Nassau County Alternate Deputy Presiding Officer Denise Ford introduced legislation designed to help combat the opioid epidemic. The new legislation will expand Nassau County’s current social host law to apply to controlled substances, including opioids. Currently, Nassau’s social host law is only applicable for alcohol.By including “controlled substances” within the Nassau County Social Host Law, parents, guardians, siblings, friends, and anyone else over the age of eighteen will be held accountable for the consumption of controlled substances by anyone under age twenty-one, or failing to take reasonable corrective action upon learning of the consumption of drugs, at his or her owned, rented, or otherwise controlled private residence. The crime is considered an unclassified misdemeanor, and the fines for a first offense include $250. A second offense will accrue a fine of $500, and a third offense, and all offenses thereafter will be $1,000 and/or imprisonment not to exceed one year.
“I’m proud to join Legislators Schaefer and McKevitt in introducing this legislation,” said Alternate Deputy Presiding Officer Ford. “The opioid issue must be addressed, and my colleagues and I will explore every option to combat this problem.”

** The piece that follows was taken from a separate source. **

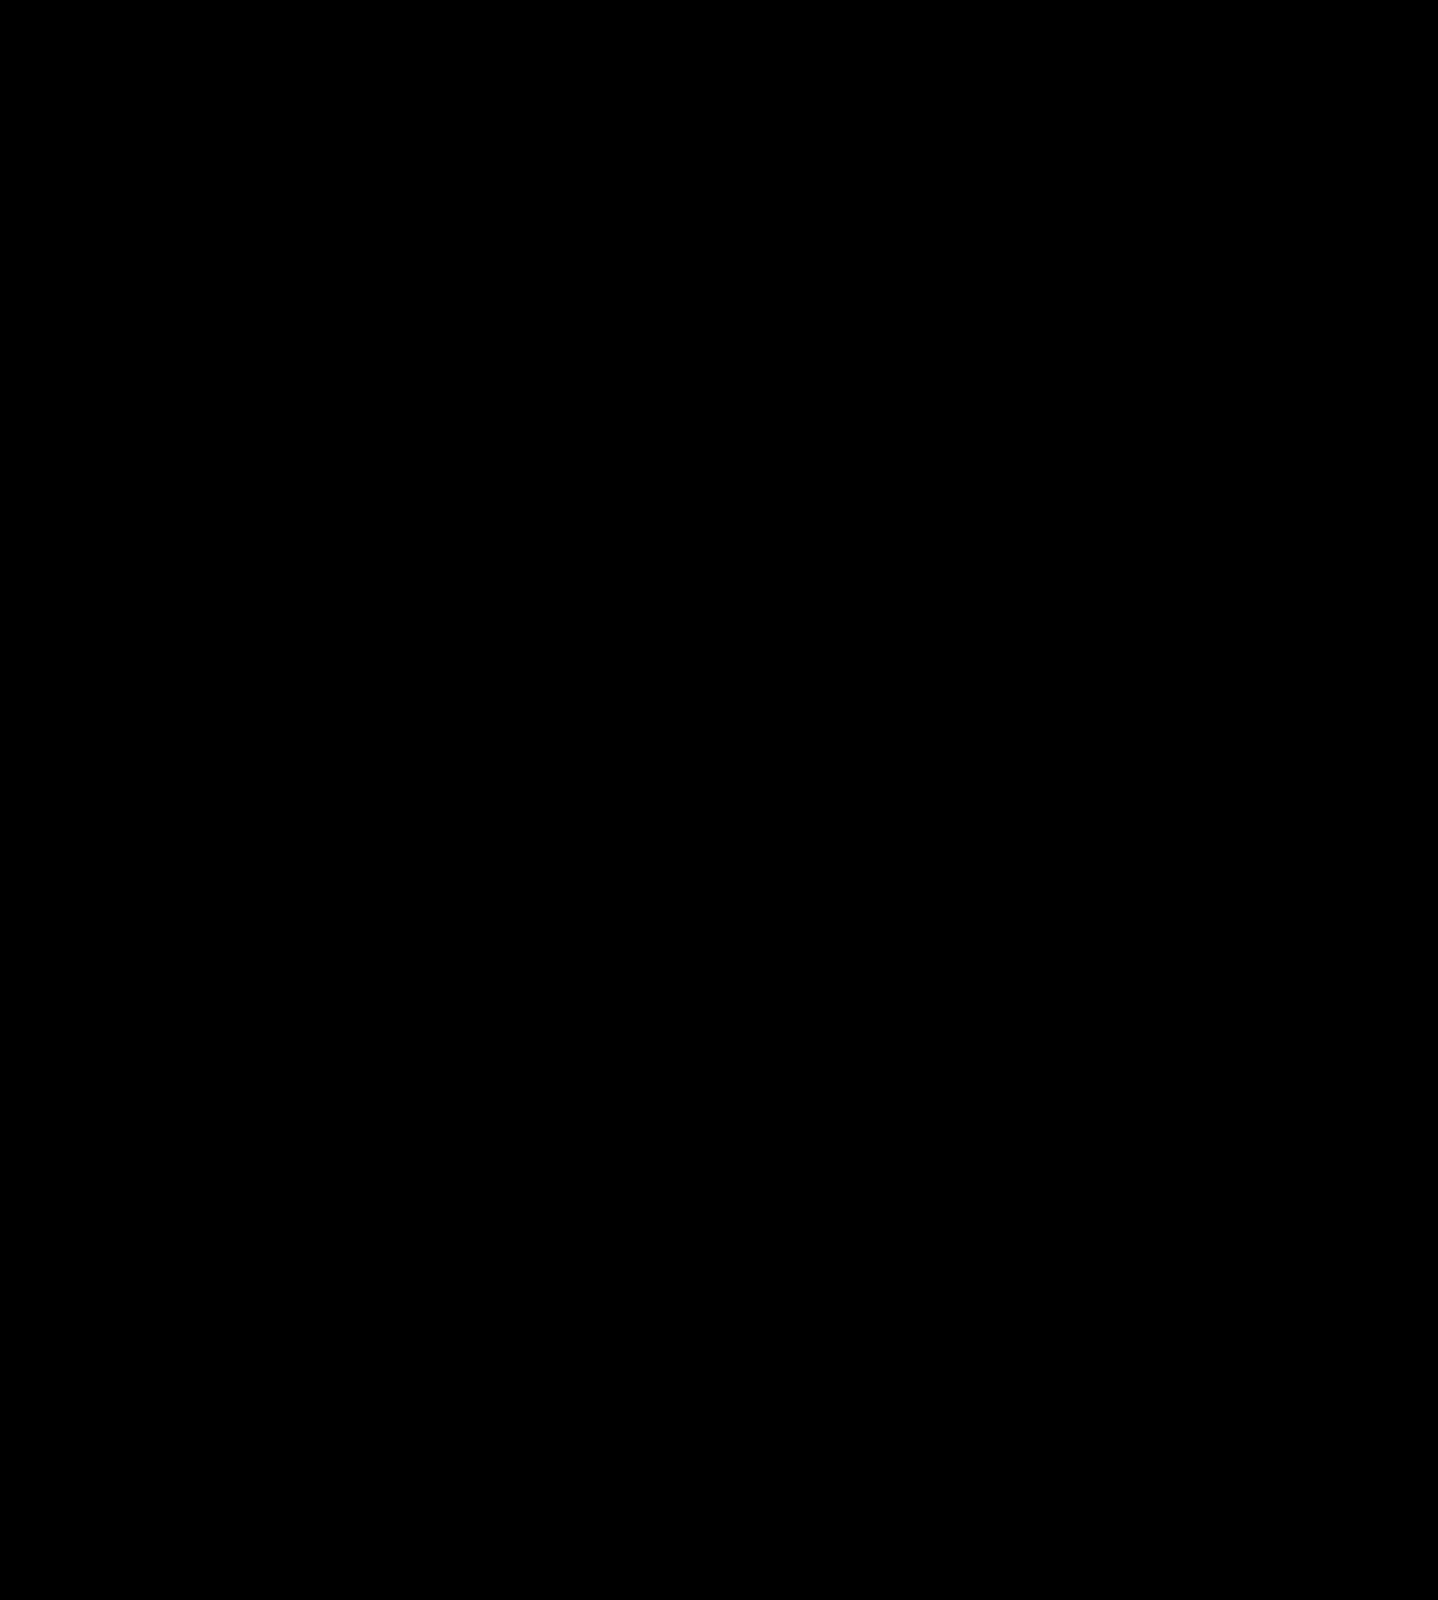 三代目JSB登坂広臣 高画質ロゴ

The original Social Host law was passed by the Nassau County Legislature on July 9, 2007. It prohibits any person over the age of eighteen who owns, rents, or otherwise controls a private residence from knowingly allowing the consumption of alcohol by individuals under the age of 21 on such premises, or failing to take reasonable corrective action upon learning of the consumption of alcohol. The new legislation will be voted on in March.